Ryan Garcia dan Conor Benn Siap Adu Jotos Rebut Sabuk Juara WBC

Sabtu, 12 September 2026 | 21:59:02 WIB
World Boxing Council (WBC) [FOTO: NET].

JAKARTA - World Boxing Council (WBC) mengonfirmasi bahwa sang juara dunia kelas welter di kisaran limit 66,7 kg, Ryan Garcia, beserta penantangnya, Conor Benn, telah sukses merampungkan sesi penimbangan berat badan guna melakoni duel akbar memperebutkan sabuk gelar juara dunia WBC.

"Ryan Garcia memiliki berat badan 145,5 lbs (66 kg) dan Conor Benn memiliki berat badan 146 lbs (66,2 kg)," demikian keterangan WBC dalam laman resminya yang dipantau di Jakarta, Sabtu (12/9/2026).

Selepas dipastikannya angka berat badan dari kedua petarung yang telah memenuhi standar regulasi batas ketentuan divisi, pasangan petinju tersebut dijadwalkan segera naik ring bertarung di panggung T-Mobile Arena, Las Vegas, Amerika Serikat, pada hari Minggu (13/9) waktu Indonesia barat.

Ryan Garcia mengawali langkah debut profesionalnya pada tahun 2016, dengan cepat menciptakan sensasi dengan kecepatan tangannya dan kekuatan pukulan knockout (KO), kualitas yang menjadikannya fenomena arus utama dan daya tarik olahraga papan atas.

Seusai meniti tangga peringkat di divisi kelas ringan (61,2 kg) serta kelas super ringan (63,5 kg) lewat deretan kemenangan gemilang atas para petinju nama besar, salah satunya adalah Luke Campbell, Garcia sukses merengkuh sabuk titel gelar juara interim kelas ringan versi WBC.

Memasuki bulan Februari 2026, Garcia secara meyakinkan menaklukkan Mario Barrios melalui pertarungan sengit 12 ronde demi mengamankan sabuk mahkota juara dunia kelas welter WBC. 

Mengandalkan gaya bertarung ortodoks dipadu senjata pukulan hook kiri yang mematikan, ia terus mempertahankan statusnya sebagai salah satu magnet daya tarik utama kancah olahraga tinju dunia berbekal catatan rekor impresif 24 kemenangan (dengan 20 di antaranya via KO) serta menderita satu kali kekalahan saja.

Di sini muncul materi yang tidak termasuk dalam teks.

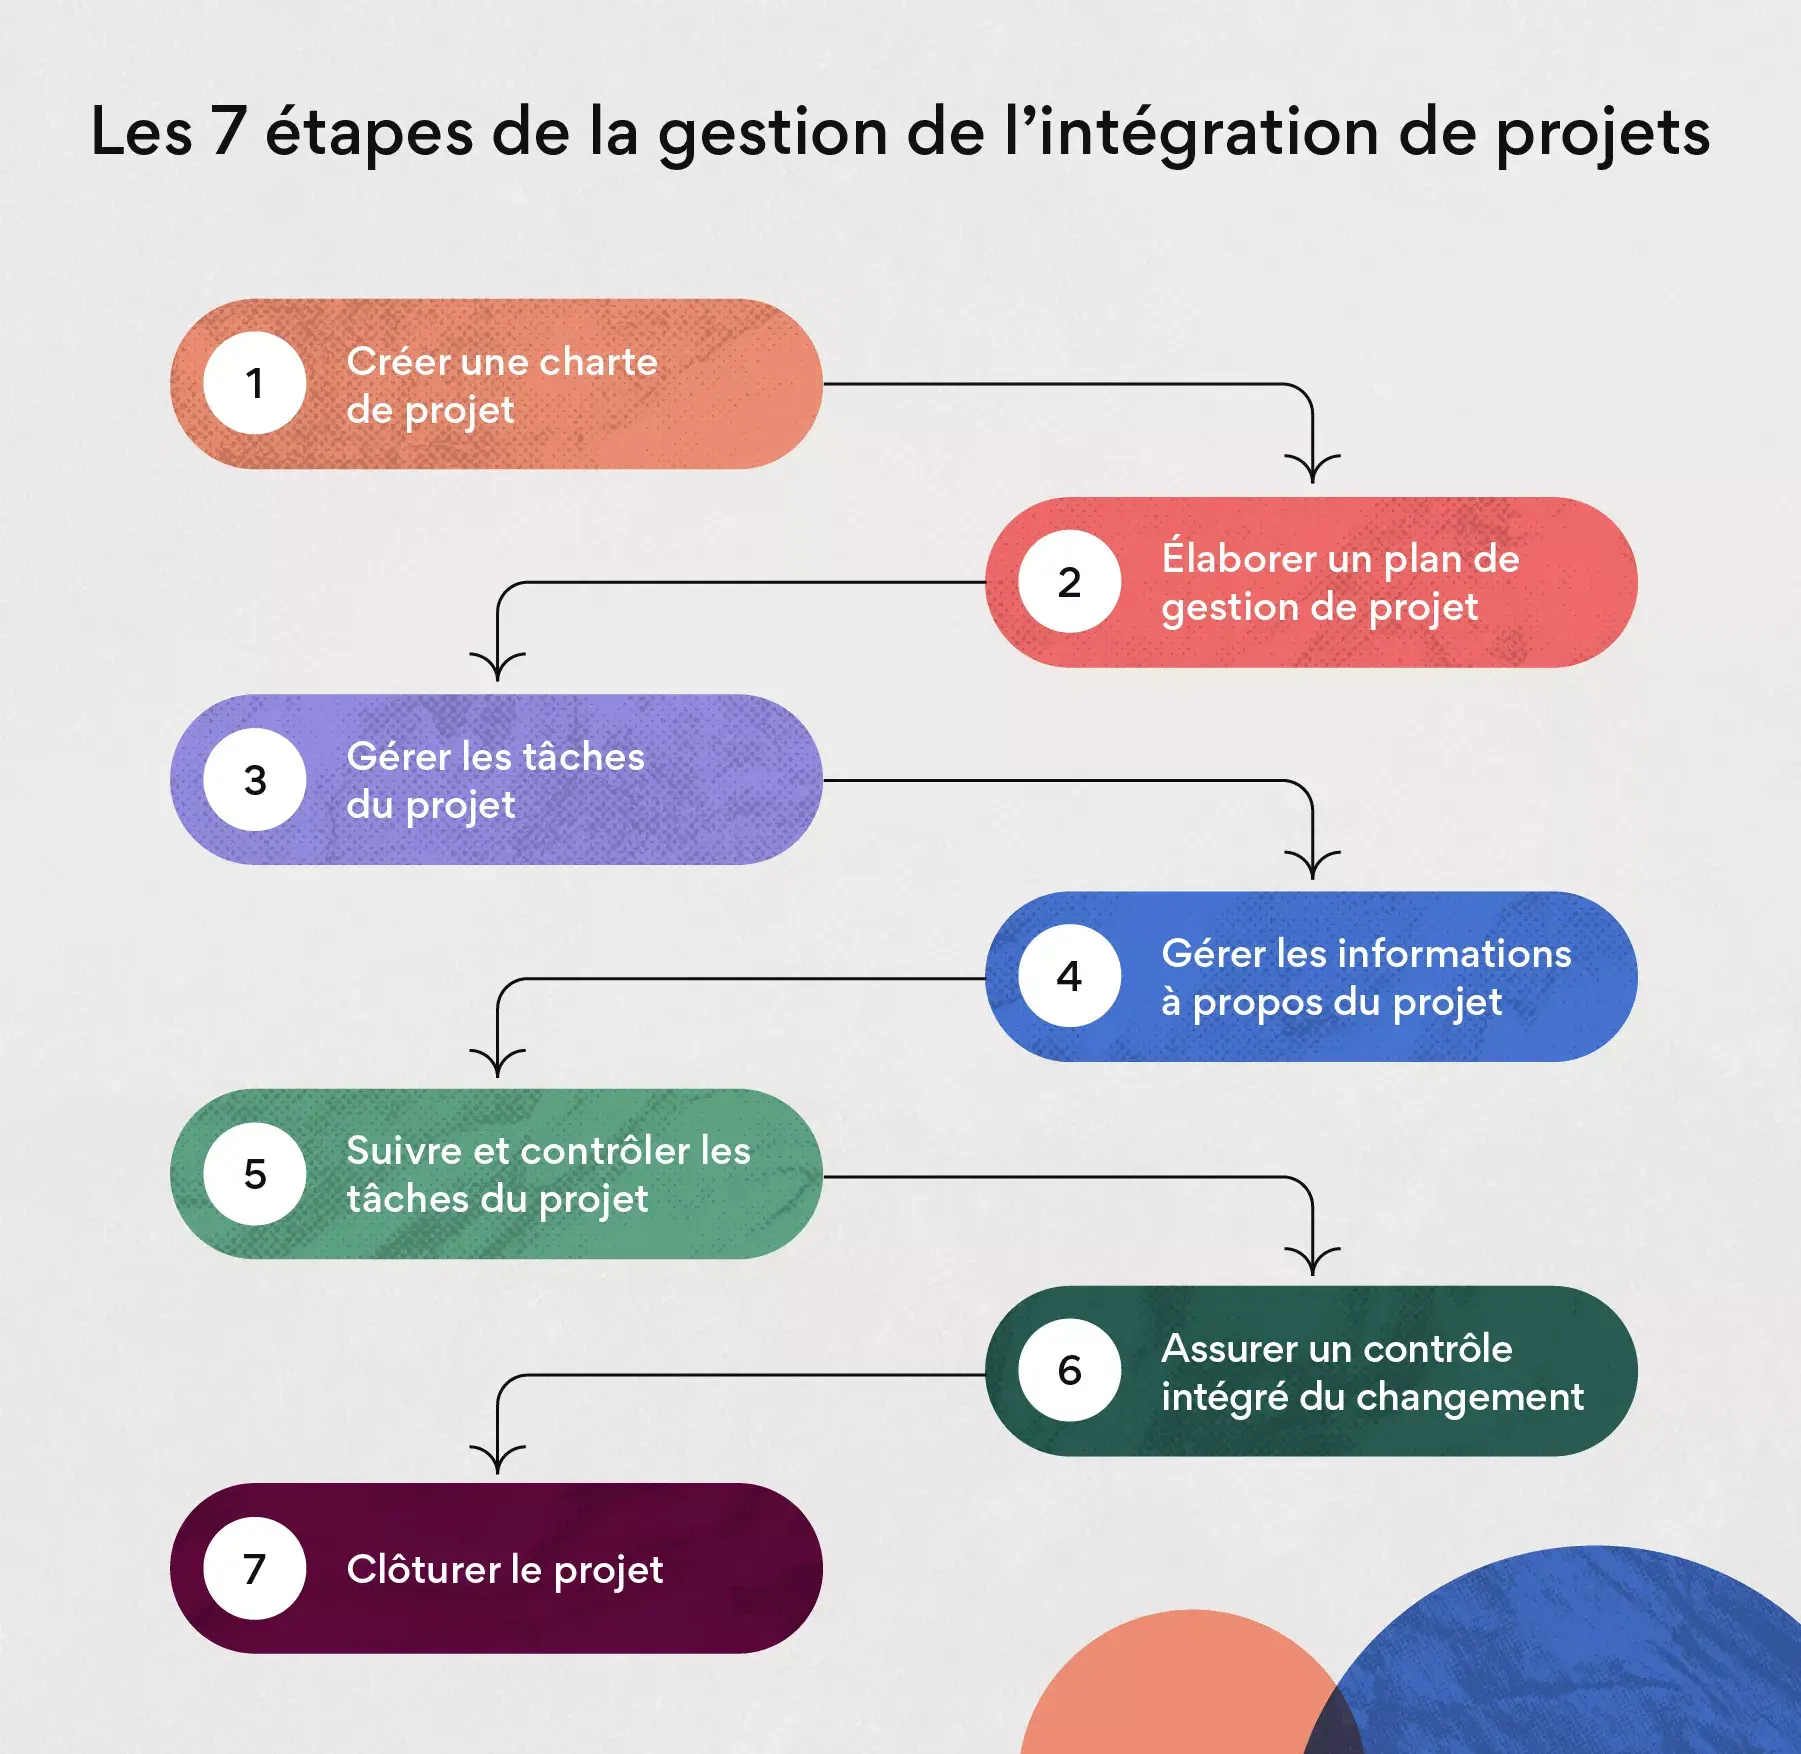 Les 7 étapes de la gestion de l’intégration de projets

Sementara itu, kubu Conor Benn hadir membawa ambisi membara demi merampungkan misi merebut sabuk takhta juara dunia sekembalinya ia turun bertanding ke divisi kelas welter dari kelas yang sebelumnya diuni lebih tinggi, yakni kelas menengah (72,6 kg).

Petinju penantang asal Inggris yang kini berusia 29 tahun tersebut harus berjuang memangkas berat badannya secara drastis demi bisa kembali memenuhi limit batas divisi kelas welter, di mana kategori tersebut kali terakhir dijalaninya pada bulan April 2022 silam.

Di dalam panggung pertarungan teranyarnya, Benn sukses memetik kemenangan penting atas Regis Prograis pada April 2026, sekaligus memperbaiki torehan rekor kariernya menjadi total 25 kemenangan—mencakup 14 hasil KO—serta menelan satu kali kekalahan.

Sang pemenang dari duel megah yang disiarkan secara global melalui platform DAZN tersebut dipastikan bakal memboyong pulang dua buah sabuk sekaligus. 

Pasalnya, pihak WBC secara khusus telah menyiapkan sabuk spesial bertajuk Sabuk Tollan Topiltzin, sebuah karya seni adiluhung yang didedikasikan khusus guna memberikan penghormatan mendalam terhadap kekayaan warisan sejarah, budaya, serta seni peradaban Meksiko, terutamanya peninggalan luar biasa dari kebudayaan kuno Toltec.